Этот аккуратный документ, где все было предусмотрено и рассчитано, теперь переделывали, исправляли, кромсали и дополняли. Уже в первые два дня Корт внес весьма существенные изменения, сегодня же он превзошел сам себя. Он менял места натурных съемок – для пятнадцати основных сцен и десяти менее важных. Функции Талии Наг – помимо пререканий с Кортом и взаимных оскорблений – заключались в фиксировании вносимых им изменений, и каждое из них казалось Колину едва ли не катастрофическим. Исполнители, техника, обслуживающий персонал, транспорт, затраты – все это рушилось, как ряд домино в милю длиной, в котором кто-то толкнул первую фишку. Колин уже давно потерял представление о том, где и когда должна происходить та или иная сцена, у него кружилась голова, и его подташнивало, словно он стоял на скале и смотрел вниз, в пучину отчаяния.
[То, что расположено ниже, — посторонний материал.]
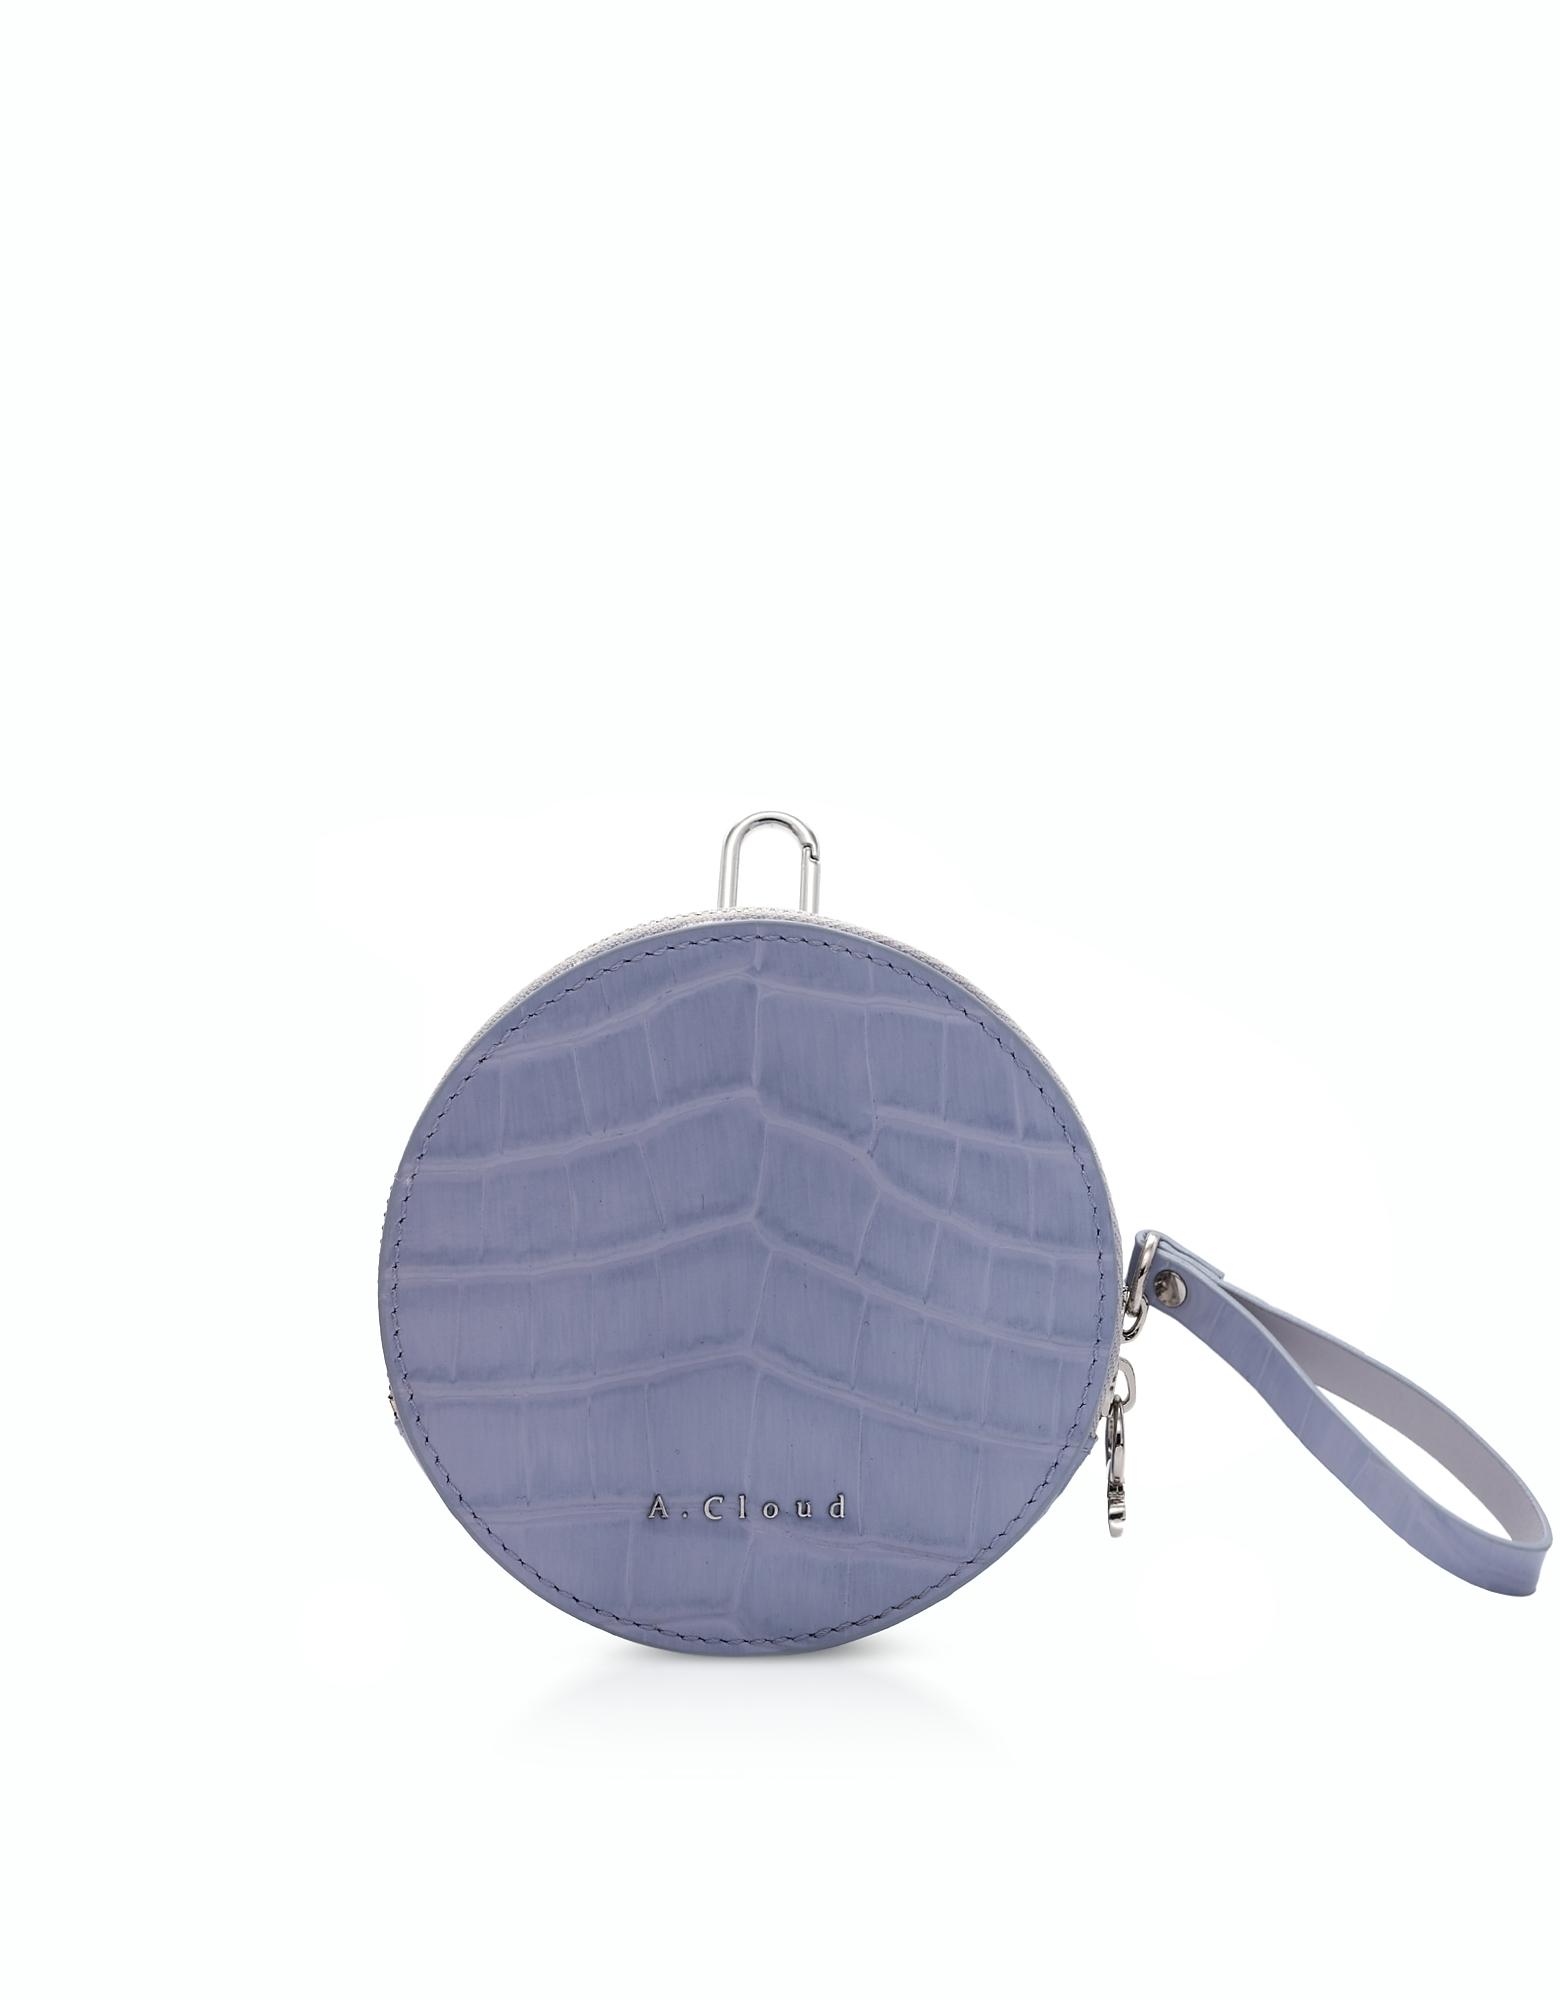 Forzieri coupon: A.Cloud  Handbags Moon/UFO Mini Round Bag

Висконти был еще хуже, говорил он себе. Висконти, этот гений, был истинным мегаломаньяком, но все же он сумел к нему приспособиться. Он работал с раздражительным, стареющим, мелочным Дэвидом Лином над фильмом, который так и не вышел на экран. Он выдержал Лина, Трюффо, корейца, поклонника кун-фу, сумасшедшего Поула, не менее сумасшедшего австралийца, нескольких невменяемых британцев и двоих немцев новой волны. Я могу с этим справиться, угрюмо уговаривал он себя. Он на собственном опыте убедился, что режиссер, обладающий трезвым умом и здравым смыслом, – большая редкость, так что ему ничего не оставалось, кроме как пытаться справиться. Однако справляться было бы гораздо легче, имей он возможность закурить.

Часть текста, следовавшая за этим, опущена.